** Opening SUPPLIED INFORMATION block **

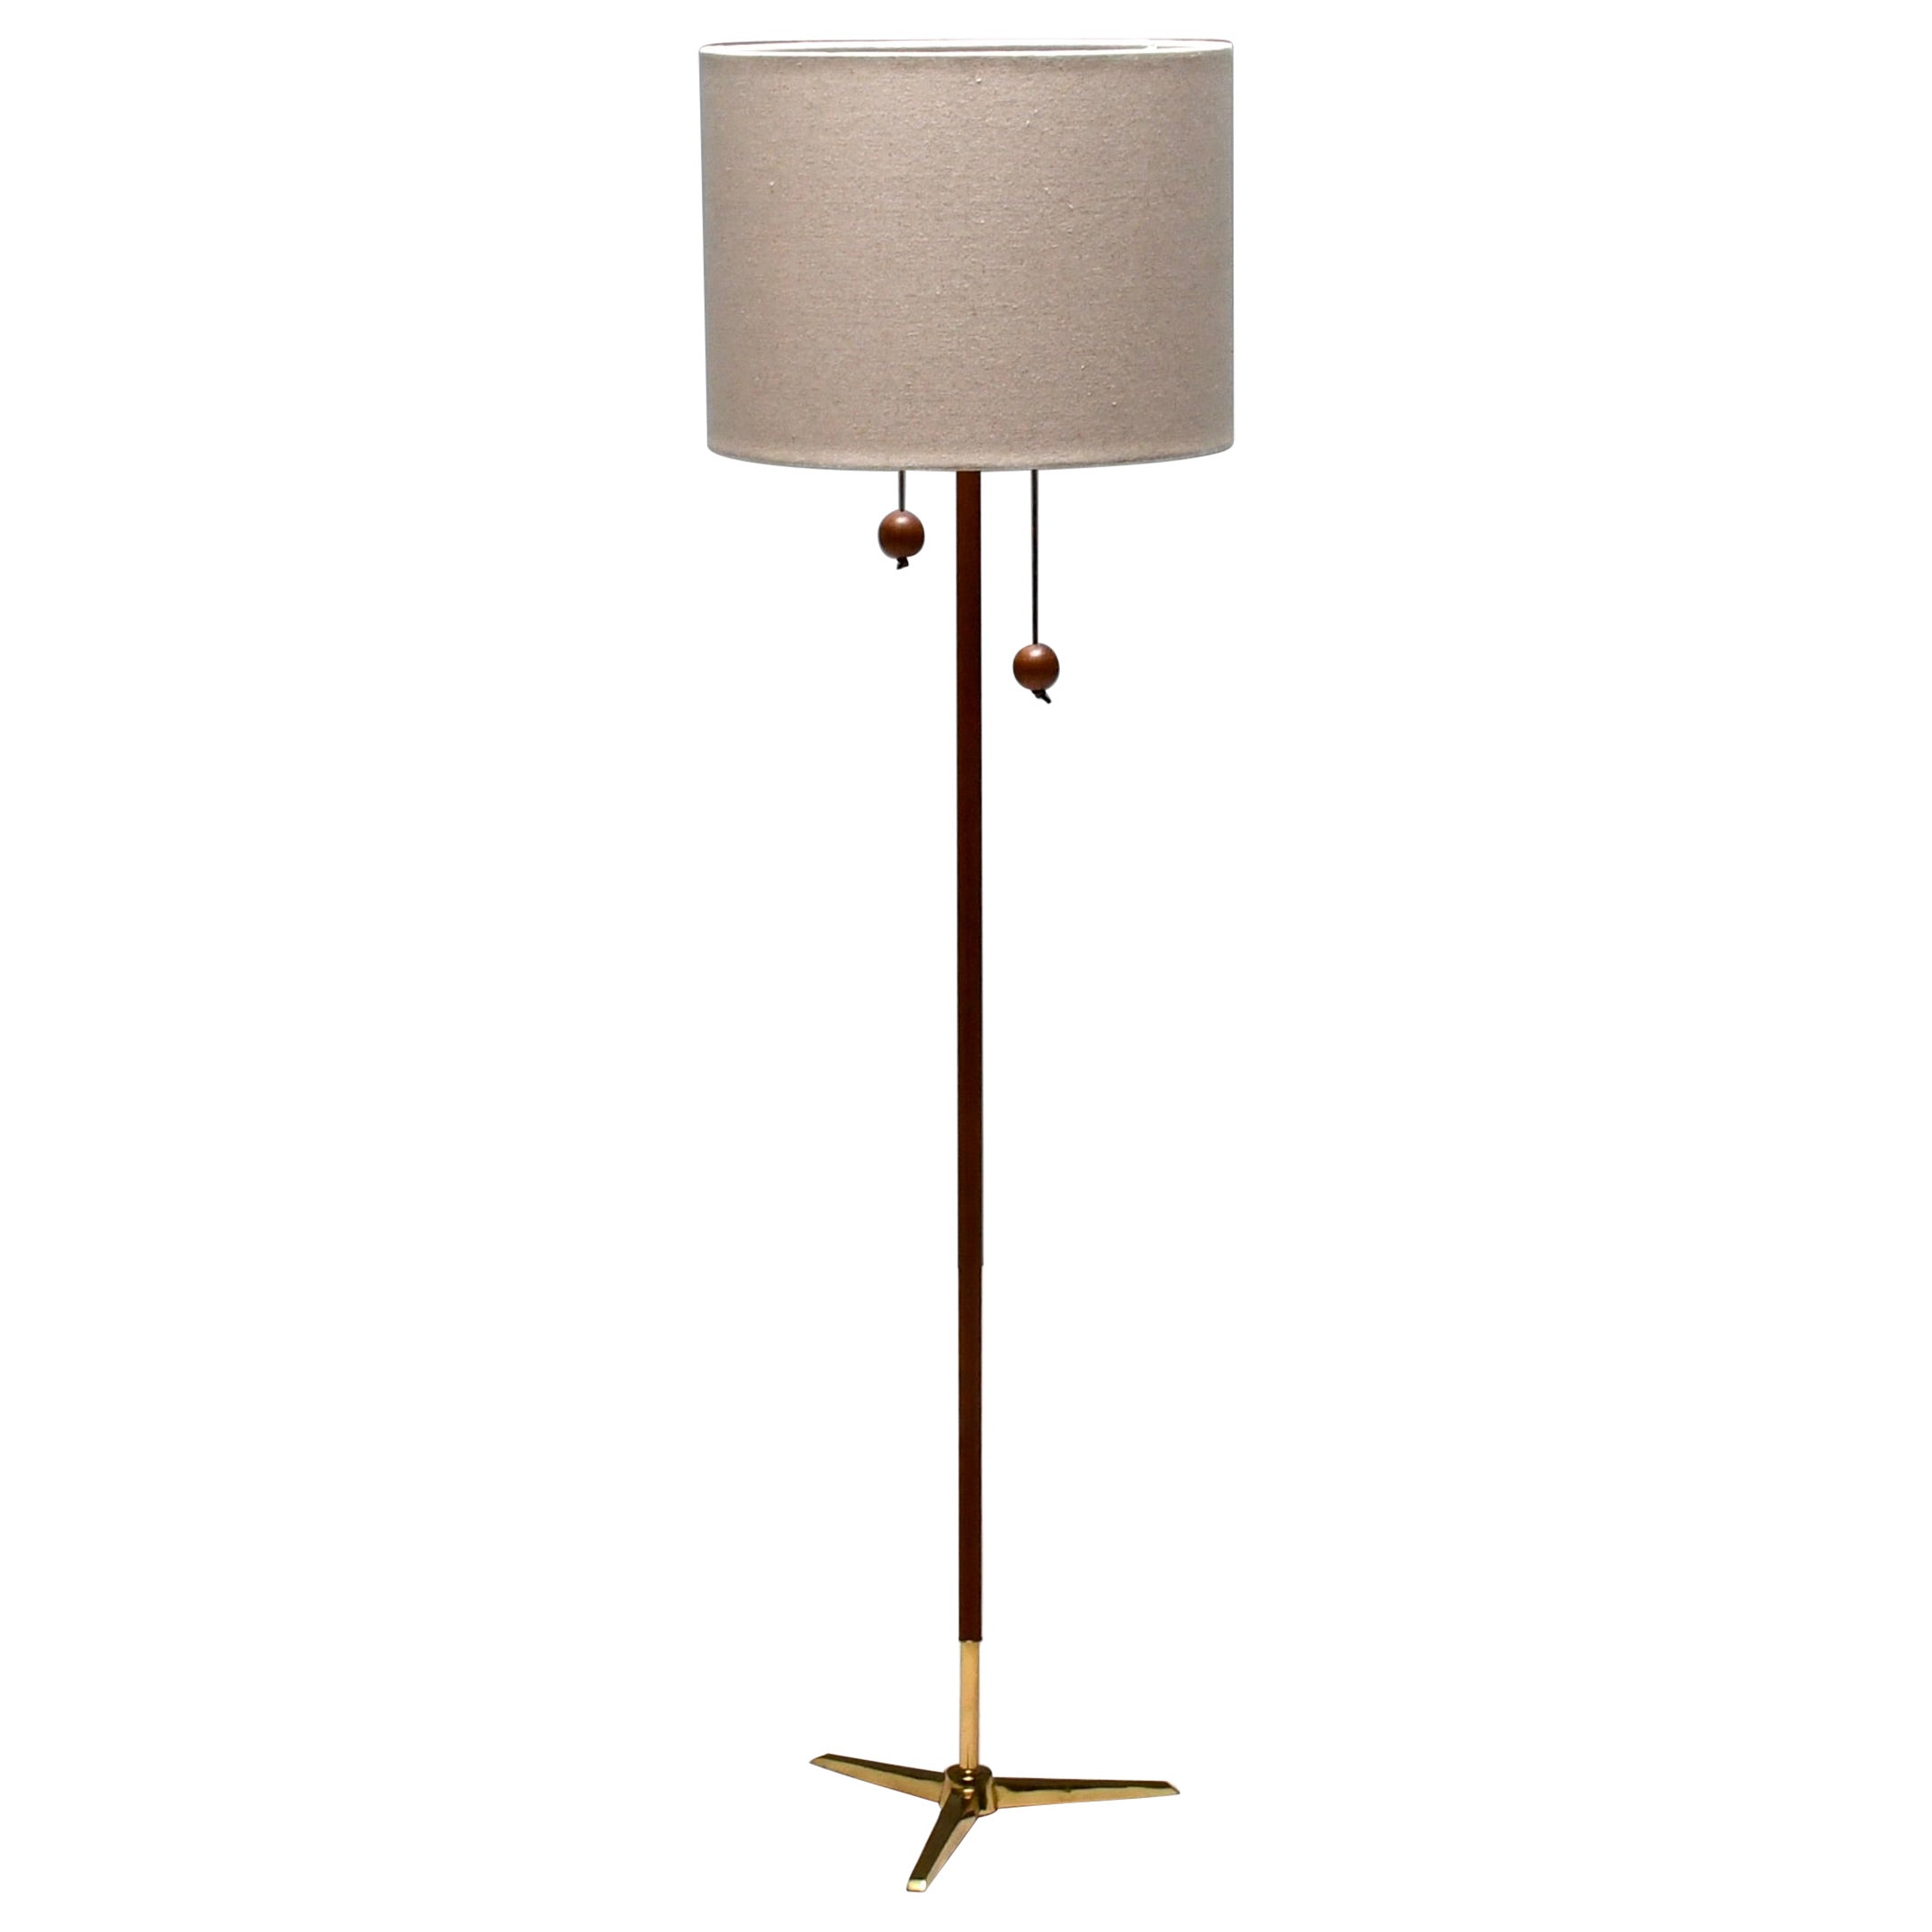 Tripod Floor Lamp by Fog & Mørup made of Teak and Brass, Denmark 1960s For Sale
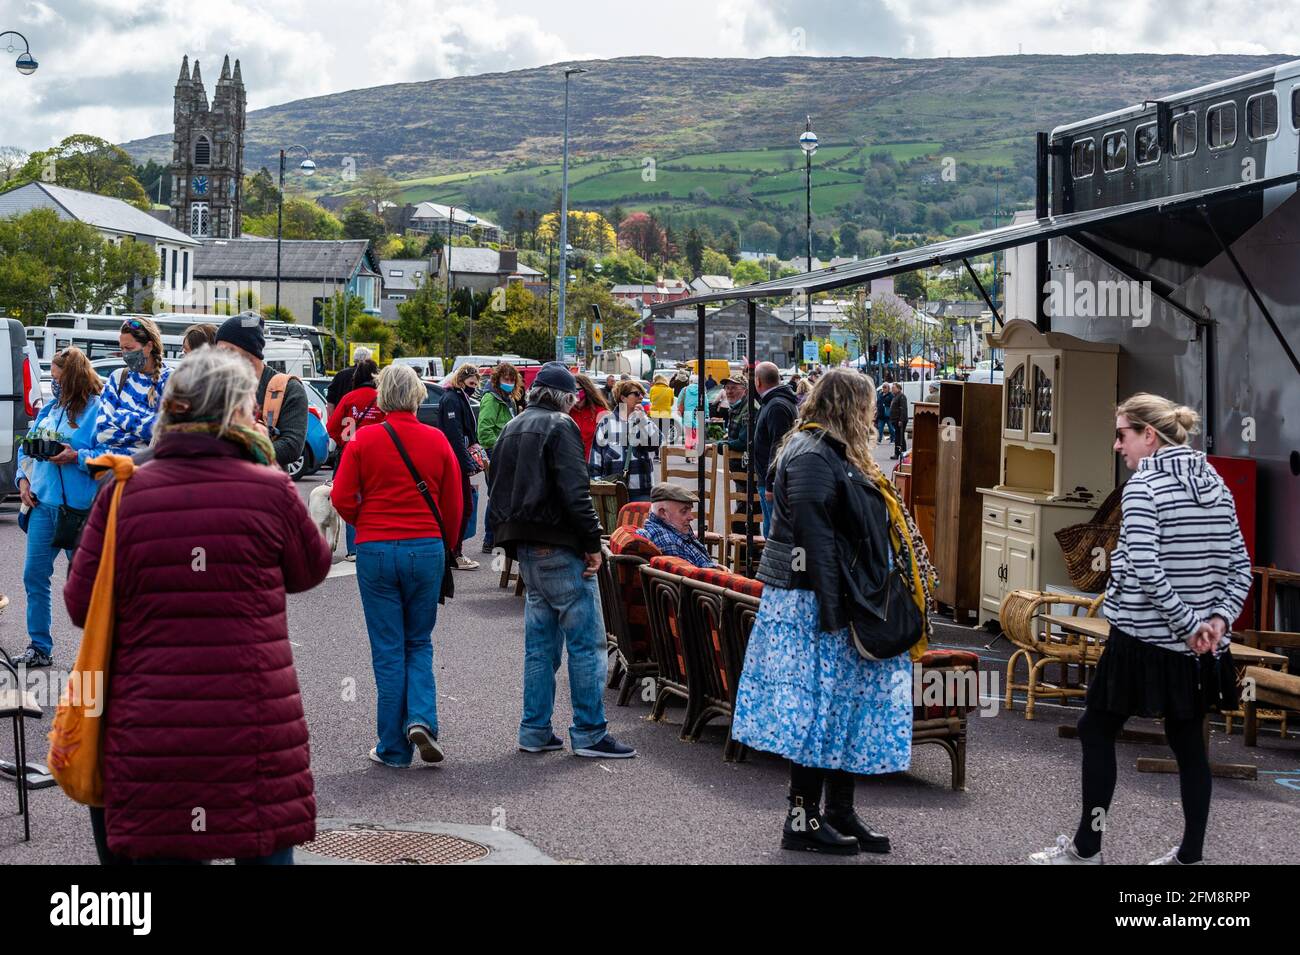 Bantry, West Cork, Irland. Mai 2021. Der Bantry Friday Market war heute sehr voll und war der erste Markt des Monats. Viele Menschen freuten sich darauf, dass einige COVID-19-Beschränkungen am Montag, den 10. Mai, gelockert werden. Quelle: AG News/Alamy Live News Stockfoto
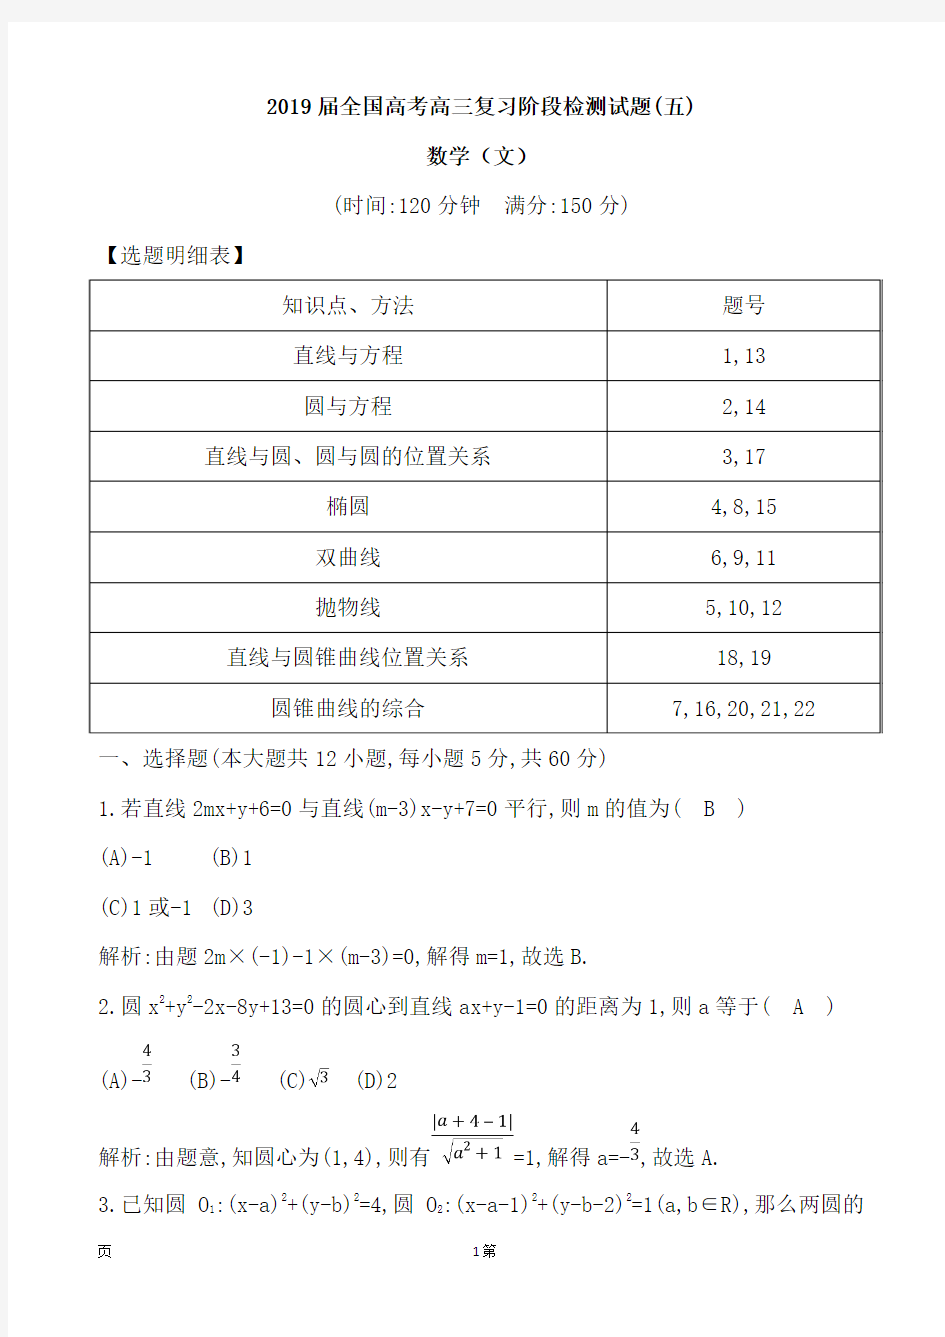 2019届全国高考高三复习阶段检测试题(五)数学(文)(解析版)

** Closing SUPPLIED INFORMATION block **

Transcribe exactly the line that contains "Bantry, West Cork, Irland." and each line after it through the end of the listing. Leave out the pictures.

 Bantry, West Cork, Irland. Mai 2021. Der Bantry Friday Market war heute sehr voll und war der erste Markt des Monats. Viele Menschen freuten sich darauf, dass einige COVID-19-Beschränkungen am Montag, den 10. Mai, gelockert werden. Quelle: AG News/Alamy Live News Stockfoto
 2019届全国高考高三复习阶段检测试题(五)数学(文)(解析版)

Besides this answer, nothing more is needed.